The Electric Car Company has offered to make the battery order right and order HiPower batteries of the same Ah.
I suggest to stay away from BestGo.


----------



## kimpaw (Feb 8, 2009)

MemphisPapa said:


> Buyer BEWARE! I ordered some BestGo batteries in Feb with 10% down. I paid the remainder of the balance when I was told they were ready to ship in mid March. After I was paid in full, I was informed that they didn't pass quality checks. I'm still waiting for batteries to ship and I have no idea what I will get. All communication with BestGo ends in "so sorry". I am really sorry. $6k sorry. I've gotten every excuse under the sun including that the engineer was hospitalized. This is the most dishonest company I have ever come across. They have strung me along by promising additional Ah units, but now it appears those were all lies.
> I also bought a 2000W charger from BestGo, but it came with no markings and no documentation. I was told to install it and check the charge time.
> The Electric Car Company has offered to make the battery order right and order HiPower batteries of the same Ah.
> I suggest to stay away from BestGo.




Thanks for the reply , Having been burned by EV components on cells has left me fairly cautious. I will pay attention to your warning. Maybe it wiil save some others also.


----------



## Tedktis (Jan 20, 2012)

I talked to Carl at electric car parts co. today. Said he could ship the 100ah batteries asap, but the 200 ah take a while. Free shipping with 2 year warranty he said....etc. Hoped this 77 yr old man wasn't pulling my leg... anyone else deal with them?


----------



## ricklearned (Mar 3, 2012)

A short term life insurance policy might be important. LOL


----------



## Tedktis (Jan 20, 2012)

ricklearned said:


> A short term life insurance policy might be important. LOL


haaa! good one. LOL.


----------



## ricklearned (Mar 3, 2012)

I am approaching 70 myself, so sometimes I think I want to baby my Lifepo's to get 10 years out of them. However, there are moments, when I feel the fire of my youth, the whine of my AC35, and I just want to stomp on my pedal and see what that baby will put out.


----------



## Tedktis (Jan 20, 2012)

ricklearned said:


> I am approaching 70 myself, so sometimes I think I want to baby my Lifepo's to get 10 years out of them. However, there are moments, when I feel the fire of my youth, the whine of my AC35, and I just want to stomp on my pedal and see what that baby will put out.

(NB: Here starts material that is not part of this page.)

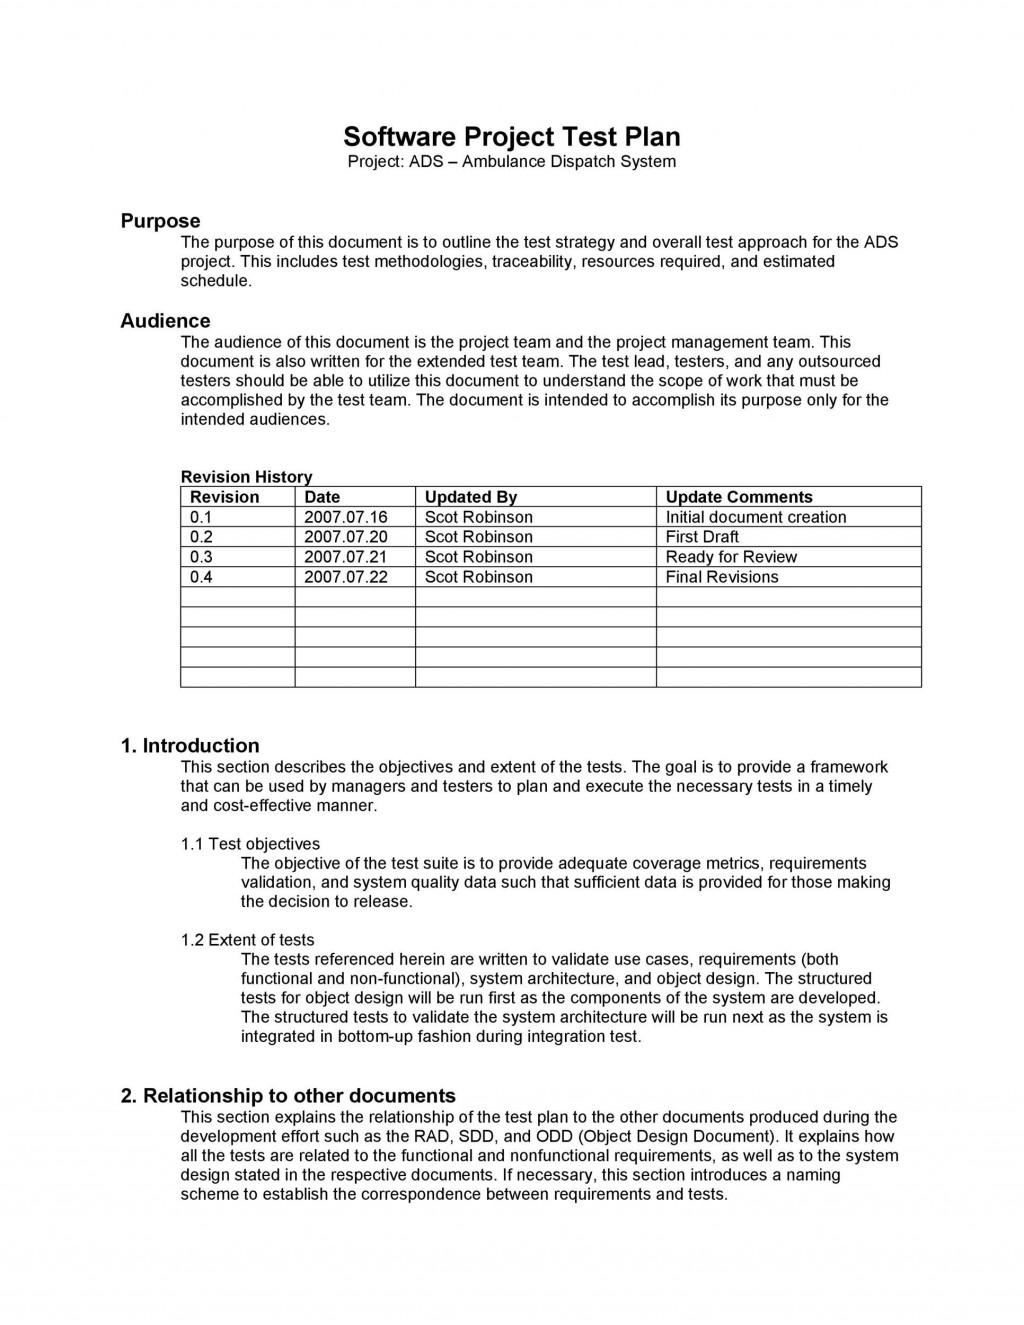 006 Remarkable Software Test Plan Template High Def  TemplatesLarge
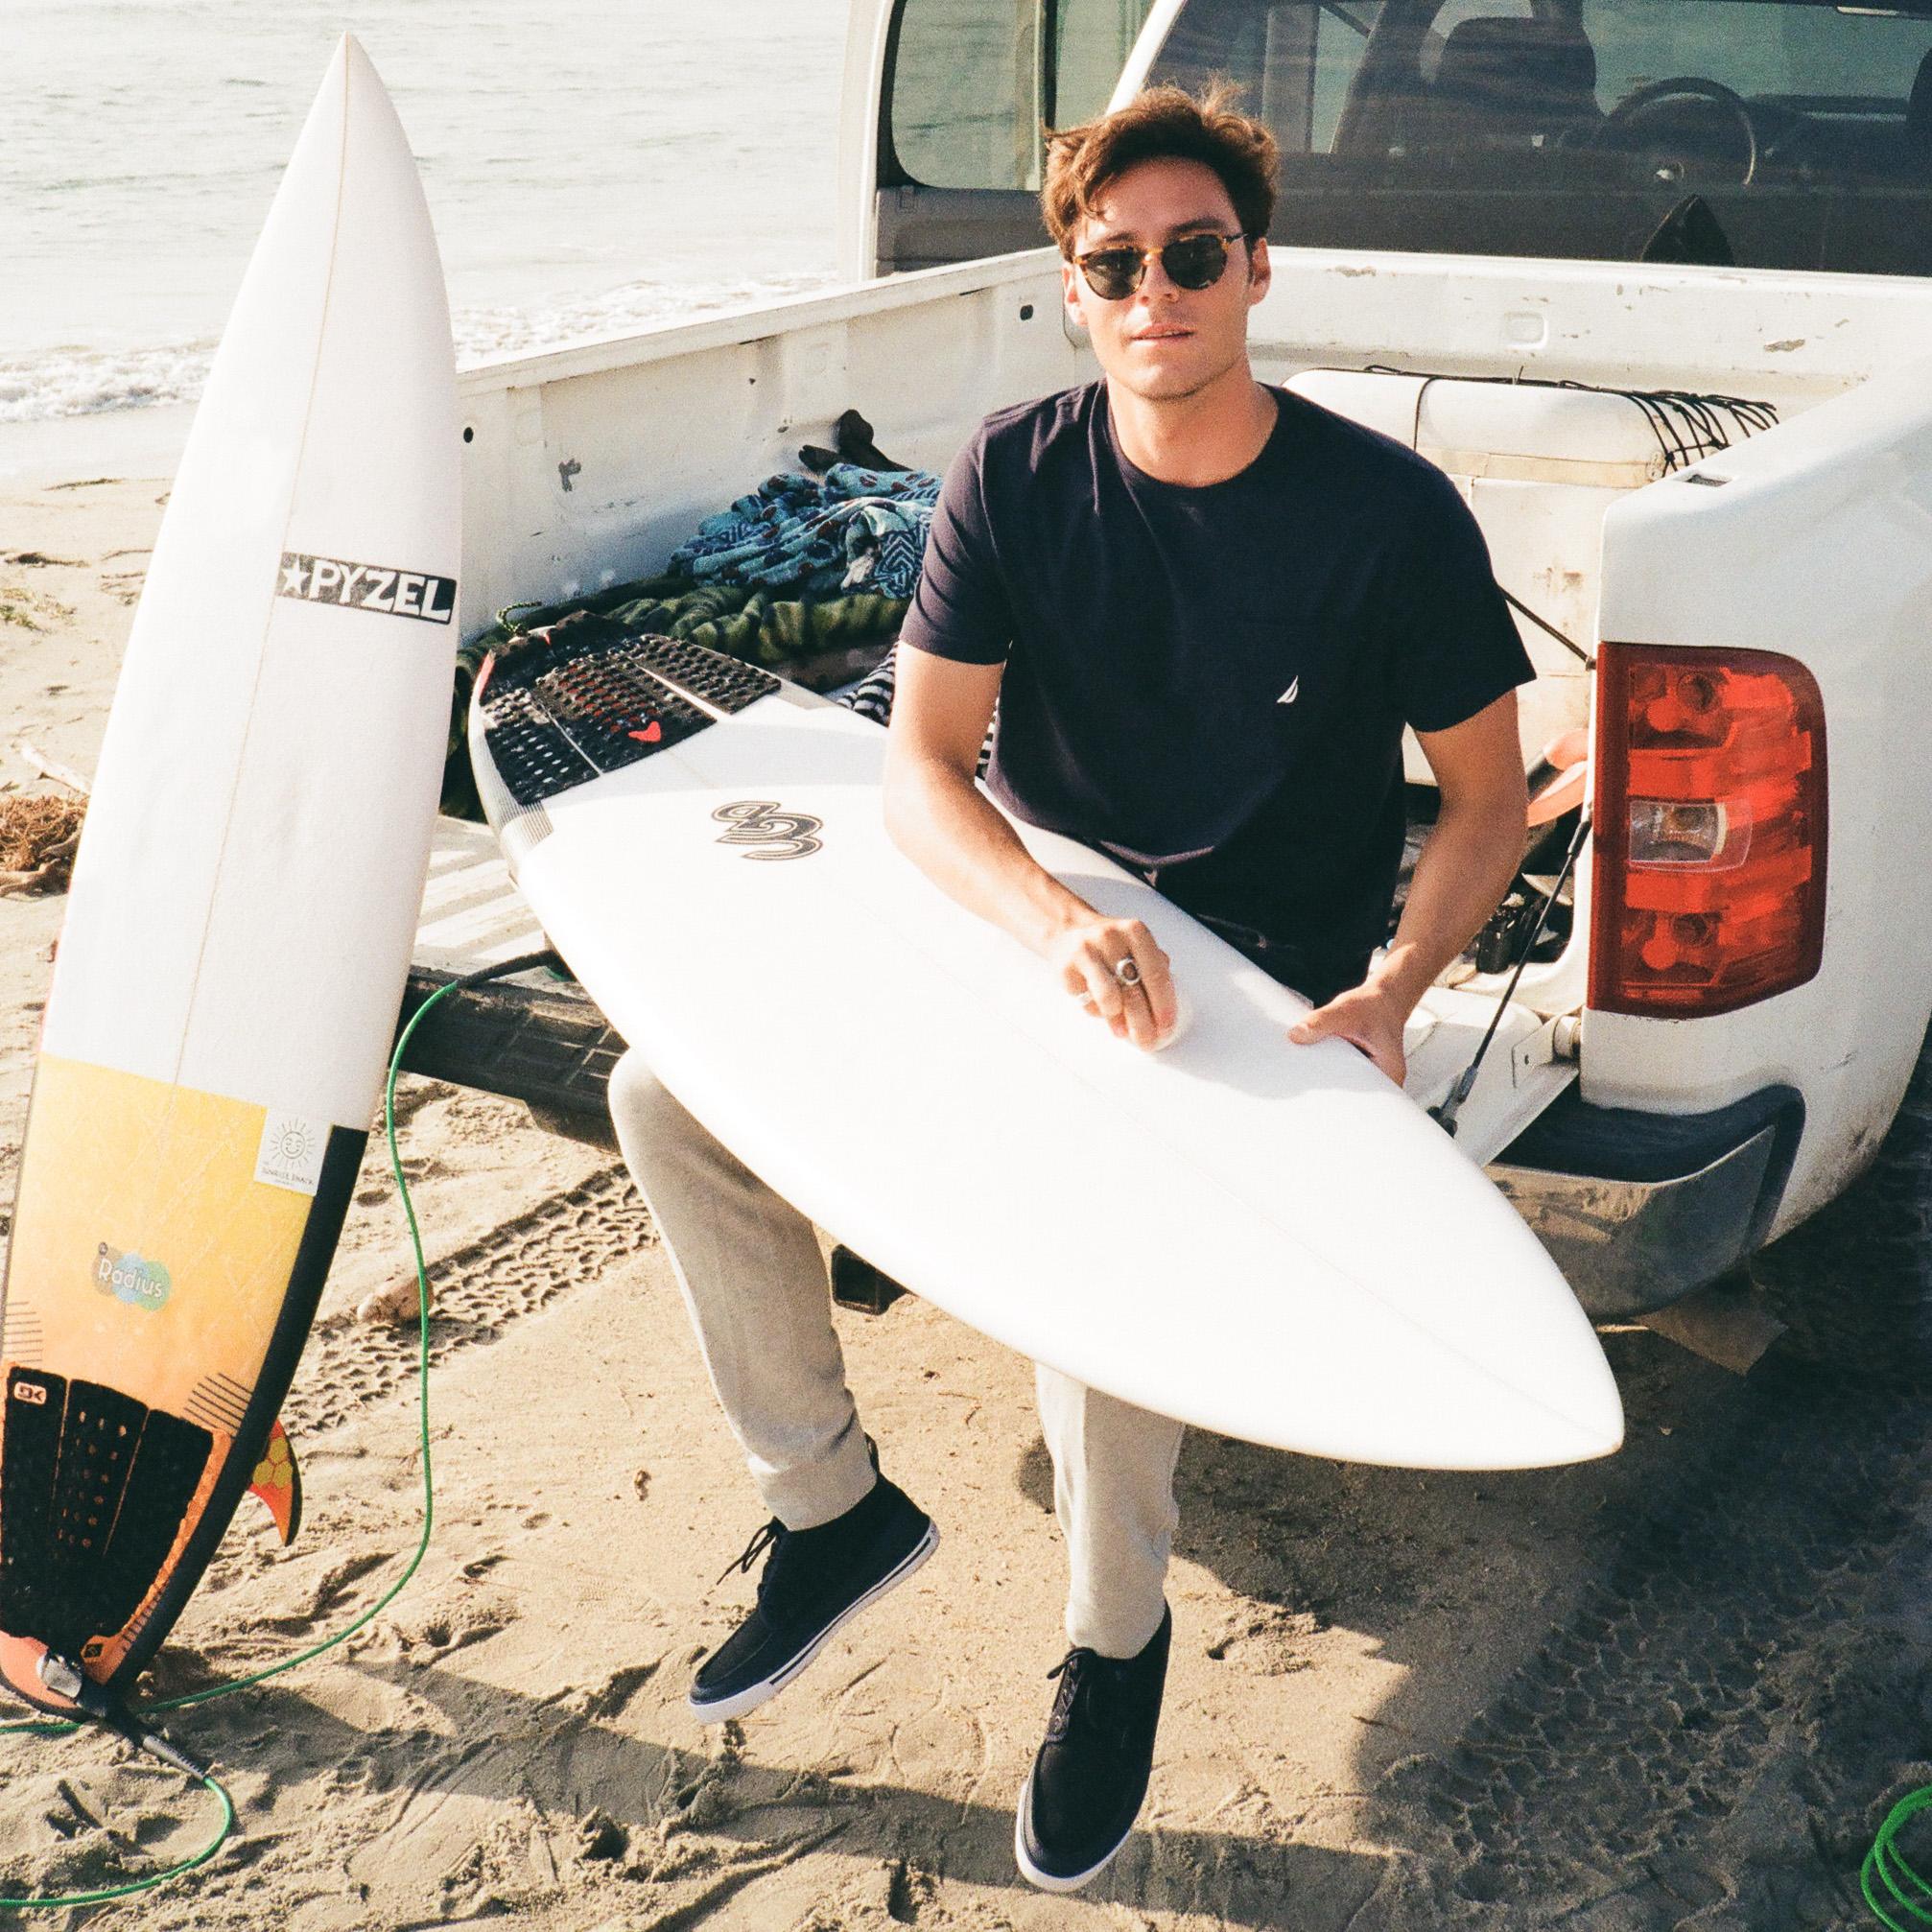 captainbarto-blog-adambartoshesky-model-nautica-client-mexico-surf-trip-mexican-mirage-september-2018--4.jpg

Hope I feel the same way.... pretty sure I will. Nice VW!


----------



## Tedktis (Jan 20, 2012)

Was just thinking today (smoke out the ears), that if lithiums become main stream, China takes the place of big oil. I understand that we will be using American powerplants to charge them (another topic for debate), but ALL these lithiums are coming from .... China! I don't know what everyones reasons were for getting into electric vehicles, but I for one wanted to be free of foreign oil. Now it appears we are inundated with foreign batteries and pther components. What are we doing here in states? Please don't try to sugar coat it or say but the electricity is made here. Listen to what I am saying. Big oil. Big battery. Big Government. We all know that even the oil companies are buying battery patents. It's a shell game, everything gets moved around. I am sure they get a big kick out of us fighting amongst ourselves about lead or lithium, Bms or no Bms, AC or DC. I think we need to put our differrences aside and reconsider the whys and hows instead of the tech battles. This country has stood because people stood together. Look at the two World Wars, people came together, sacrificed, even their lives for us to be where we are today. Fighting each other at times and under the oppression of a big gov't and big oil. Now, big batteries.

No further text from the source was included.